# PROBLEM TO WORK ON
The answer must be an exact reprint of the lines from the one with "A large Marvel" through the final line of the data, with no pictures included.

# INFORMATION SHOWN
=== Section Start ===
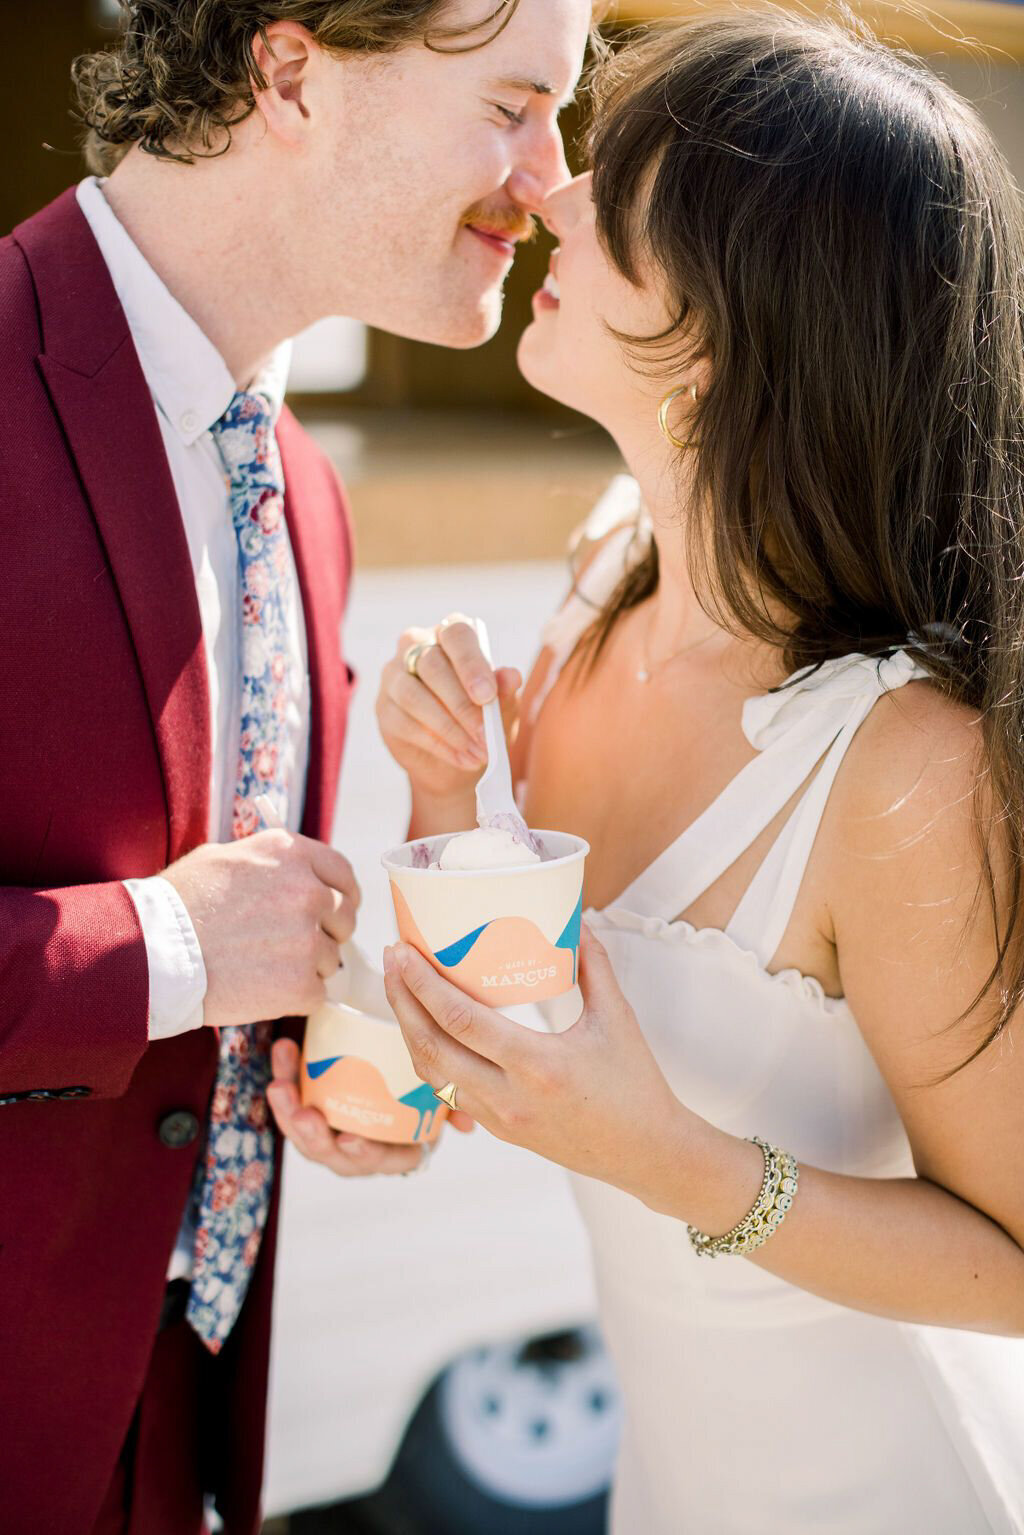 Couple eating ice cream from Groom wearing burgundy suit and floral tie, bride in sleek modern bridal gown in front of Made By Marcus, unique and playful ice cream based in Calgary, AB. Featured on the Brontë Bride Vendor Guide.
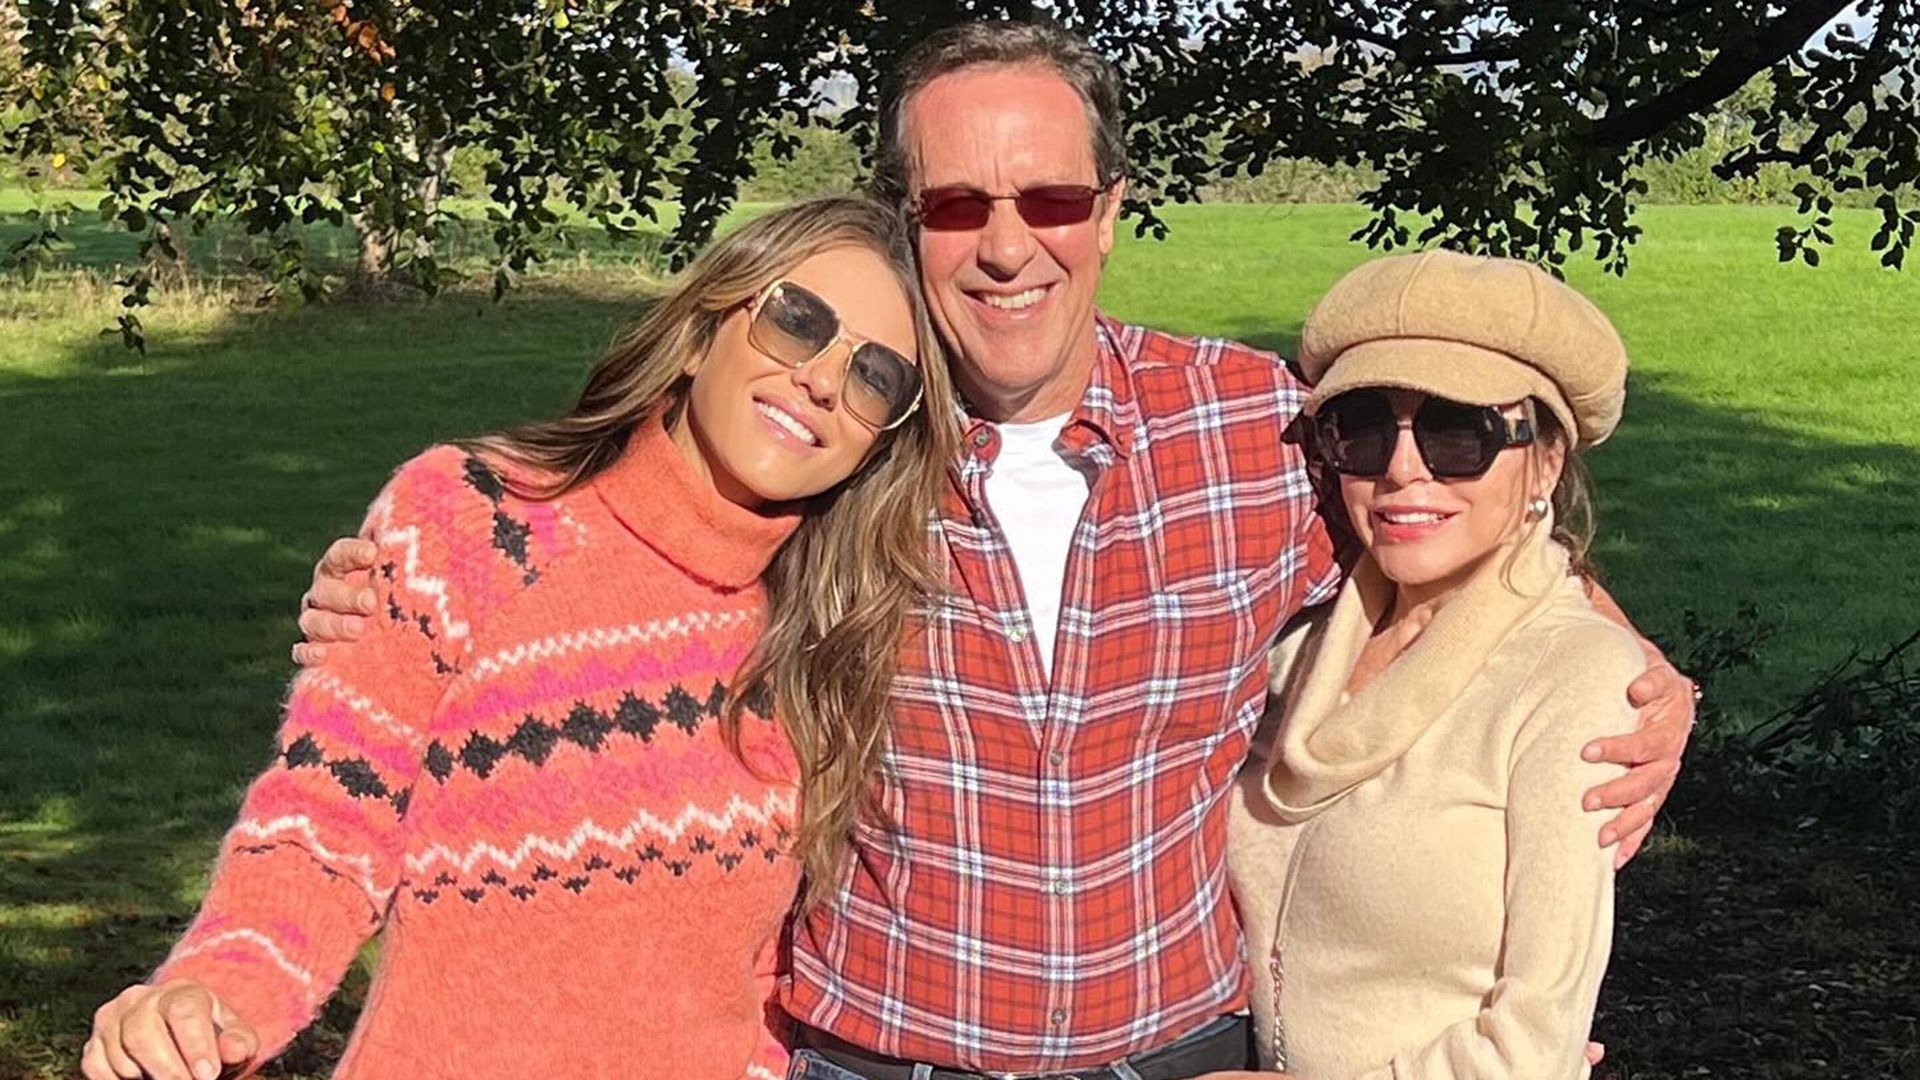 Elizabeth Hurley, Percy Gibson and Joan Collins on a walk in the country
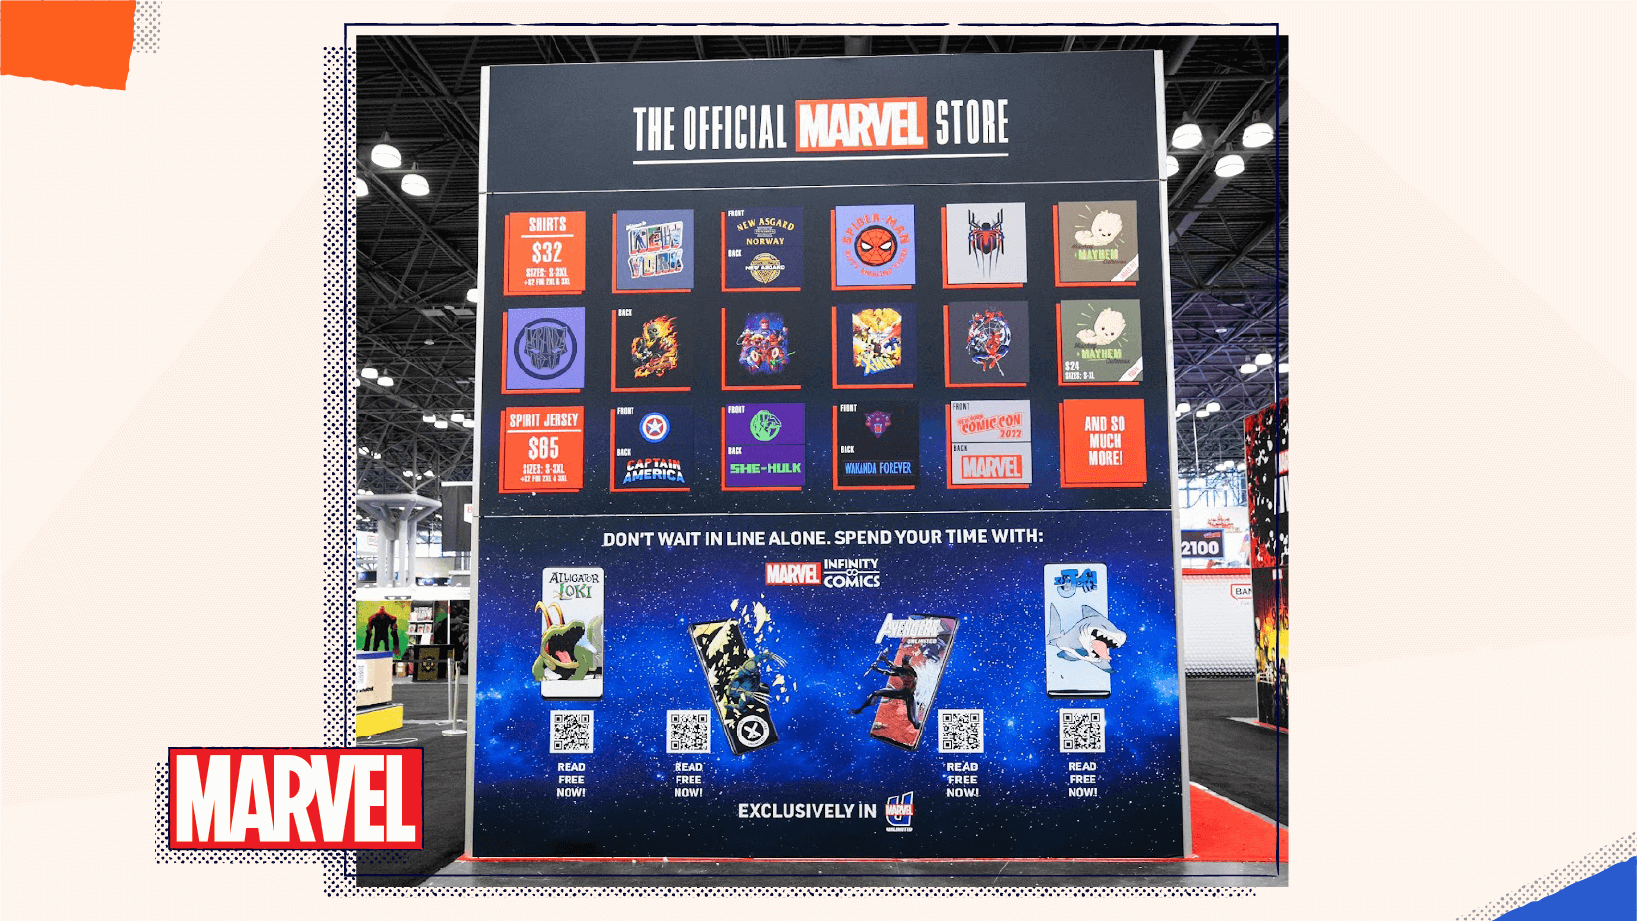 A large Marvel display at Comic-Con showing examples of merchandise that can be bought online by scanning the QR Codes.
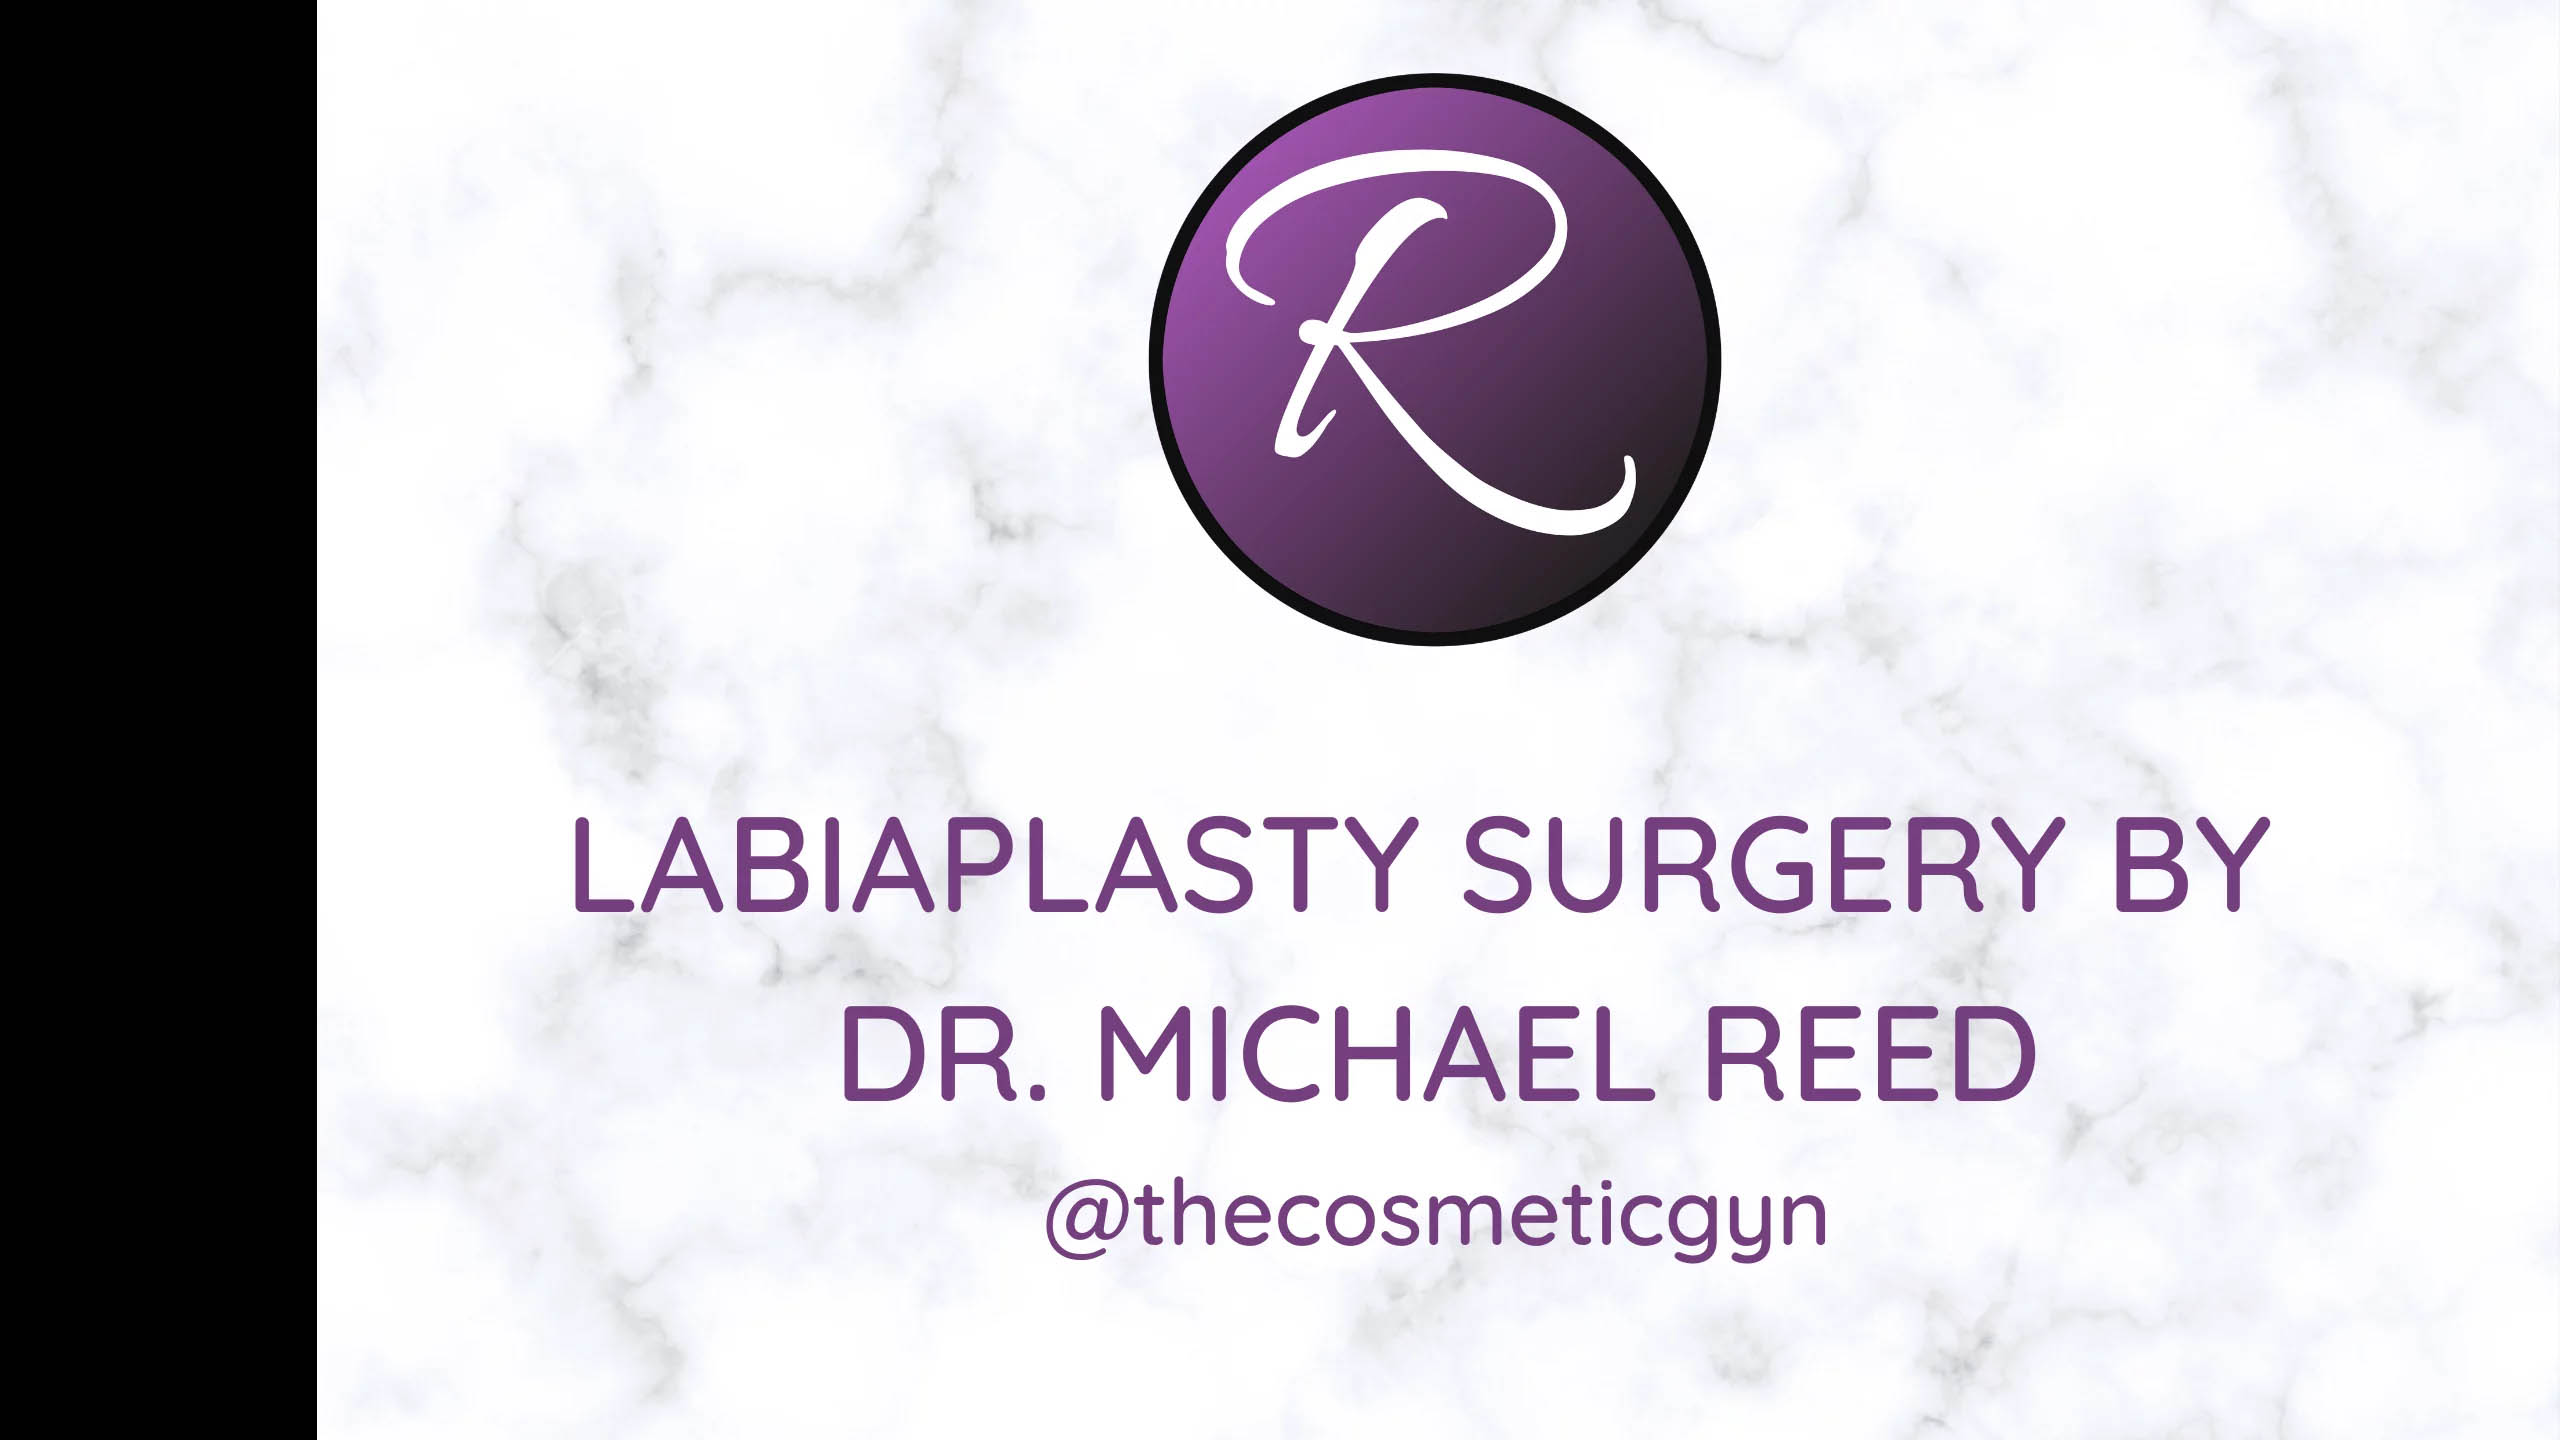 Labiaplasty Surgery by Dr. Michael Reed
=== Section End ===
# WRITTEN RESPONSE
 A large Marvel display at Comic-Con showing examples of merchandise that can be bought online by scanning the QR Codes.
 Labiaplasty Surgery by Dr. Michael Reed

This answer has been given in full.